Find a visualization that uses one of the more complex idioms we have studied recently in Chapters 4 through 7, and analyze its effectiveness based on everything you have learned so far. Be thorough but concise. Include an image and a full URL reference.

Source

Source

The first visualization, titled "How Common is Your Birthday," utilizes a heatmap to display data related to the frequency of birthdays across different months. In this visualization, the color blue represents the least common birthdays, while pink signifies the most common ones. The data attribute being visualized here is the distribution of birthdays across months, making it a categorical variable.

In terms of the principles from Schwabish's book, this visualization effectively uses color to highlight differences in birthday frequencies. However, there are some issues with this visualization. The heatmap suggests a greater level of variation in birthday frequencies than there actually is. This discrepancy may be attributed to the dataset's limitations – it appears that the dataset is relatively small and might not sample enough years. This underlines the importance of data integrity and sample size to ensure accurate and reliable visualizations. Additionally, while the visualization is aesthetically pleasing, it might mislead viewers due to the exaggerated color contrast.

The second dataset addresses the issues in the first visualization by spanning 14 years (2000-2014) to provide a more comprehensive view of birthday frequencies. Again, a heatmap is used to display the data. The dataset's attribute remains categorical, representing the distribution of birthdays across months.

This second visualization effectively ameliorates the issues of the limited dataset in the first one by expanding the time range, leading to more accurate insights. The color is still used effectively to convey information. Notably, this visualization makes January 1st, July 4th, and December 24/25 stand out as the least common birthdays, aligning with the principles of preattentive processing by clearly showing a difference in color.
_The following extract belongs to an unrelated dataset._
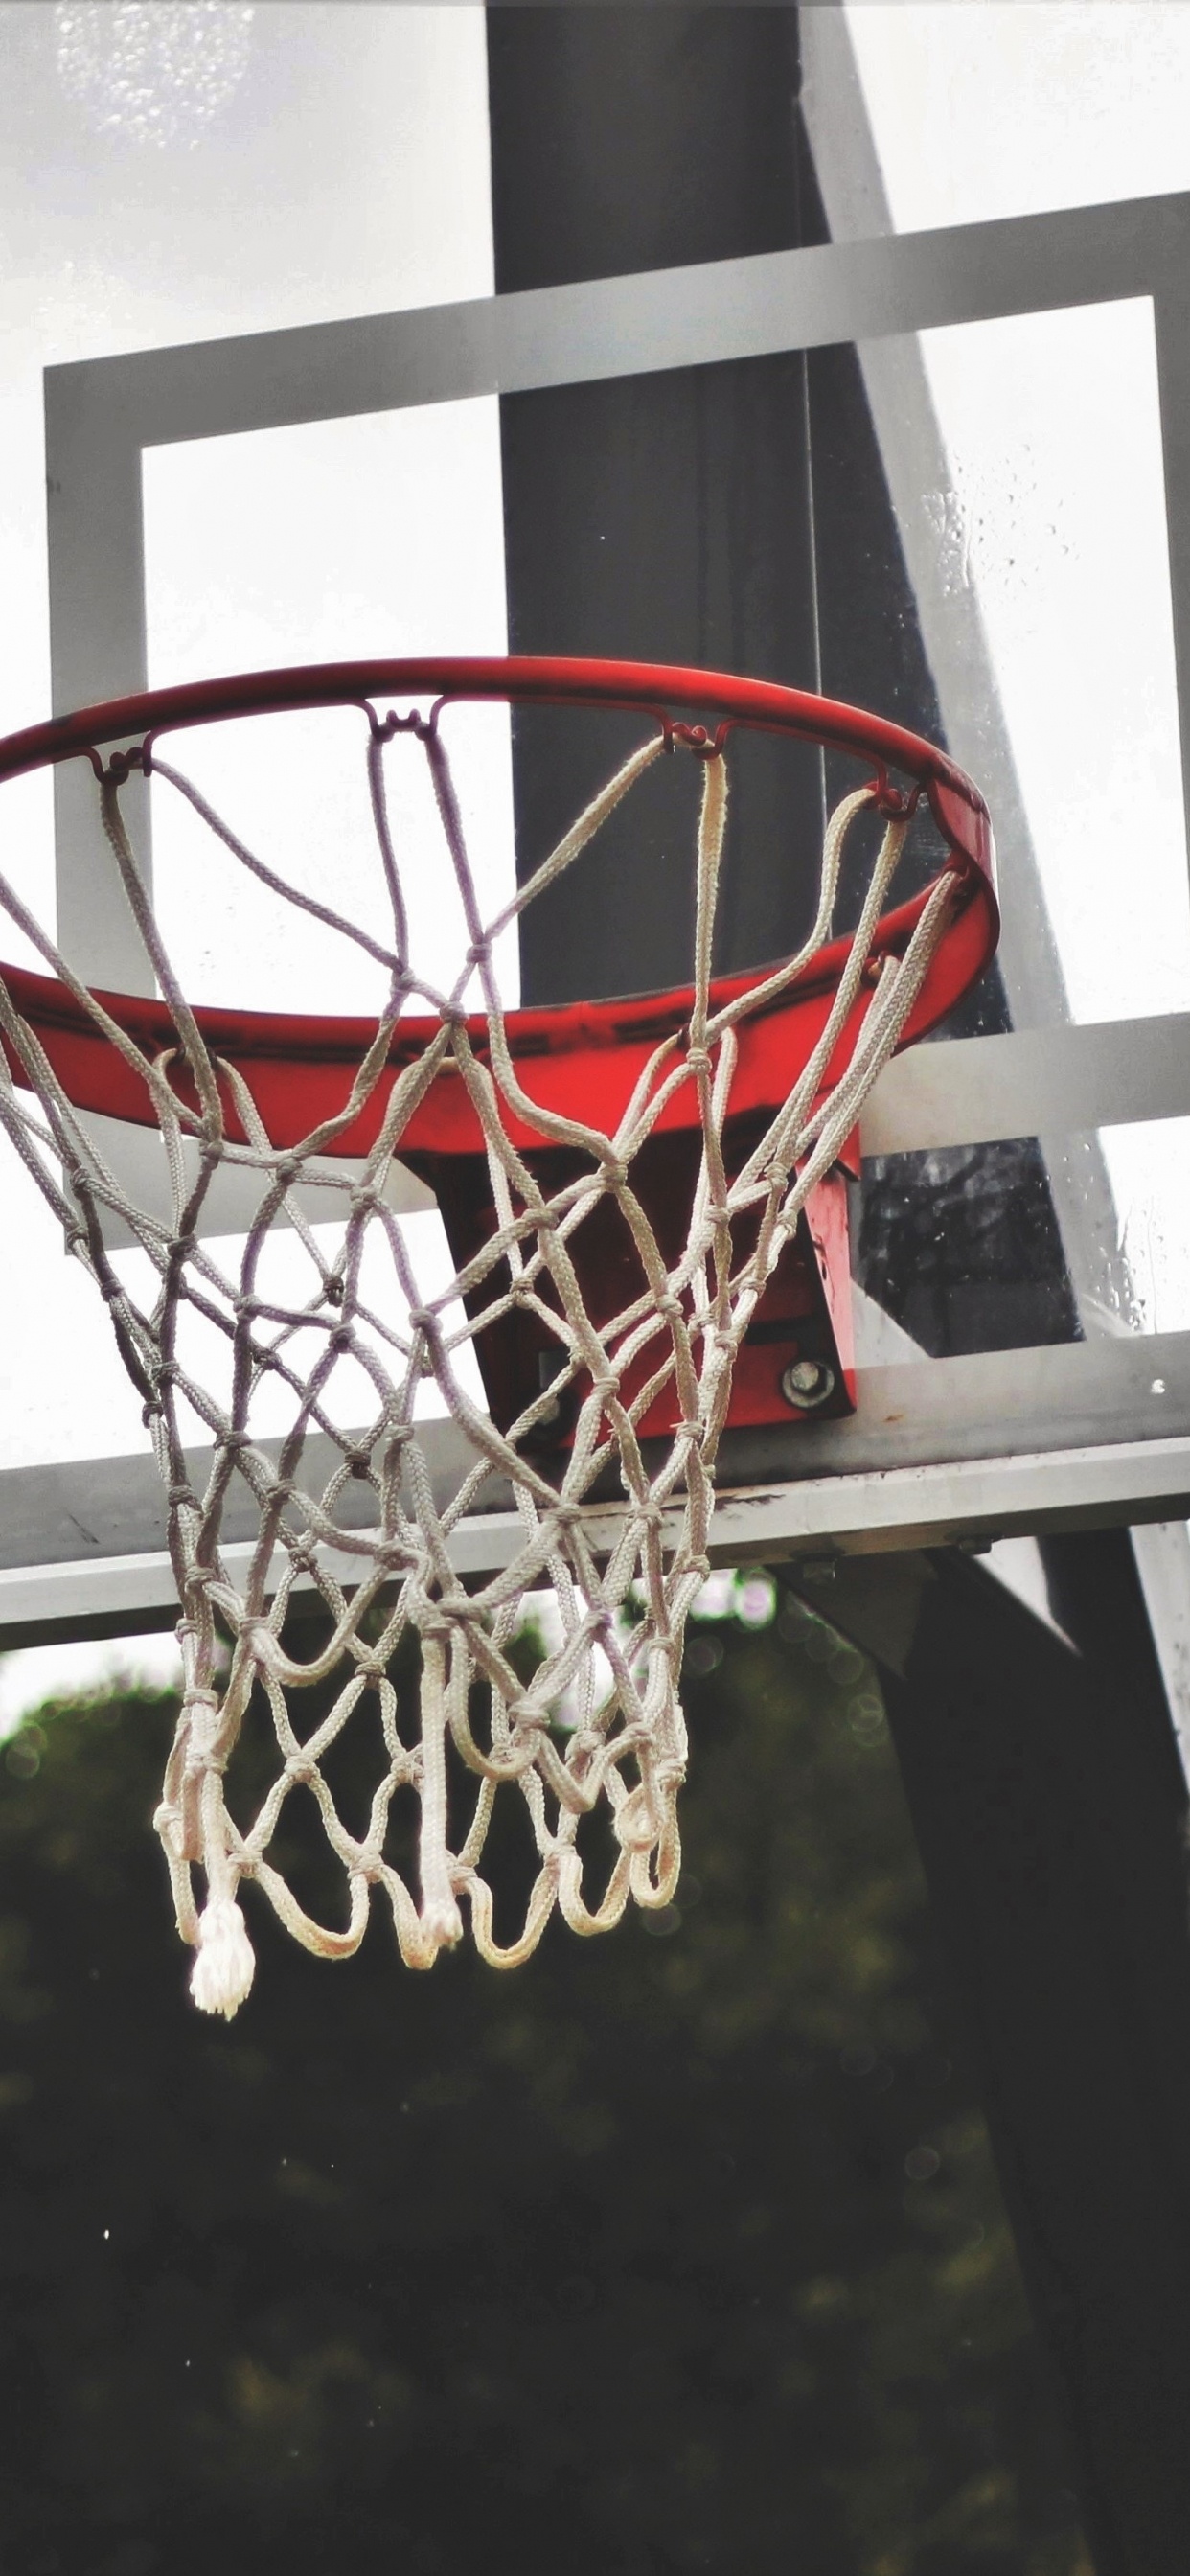 Black and Red Basketball Hoop. Wallpaper in 1242x2688 Resolution

While I believe that both of these visualizations are good for their respective applications, I think it would have been interesting to see these done as the example in the book where Schwabish modified the layout and applied it to a calendar year. This expanded view would be easier to look at but since this data is taken over several years, you would not be able to utilize the weekdays like done in the book. I think both visualizations avoid clutter and spaghetti chart issues by focusing on relevant data but the second one does a better job of enabling general estimates through the more careful use of shading and saturation by calling attention to only a few dates that are truly different from the rest. It is clear to me that the second graphic’s creator started with gray and chose to add color in a more meaningful way than the first graphic did.

In summary, the first visualization, while aesthetically pleasing, is limited by a small dataset and may exaggerate variations in birthday frequencies. The second visualization, by spanning 14 years, provides a more accurate representation of the data, and it effectively highlights the least common birthdays. Both visualizations make effective use of color and adhere to principles from Schwabish's book, but the second one improves upon the shortcomings of the first by presenting a more reliable and informative view of the data.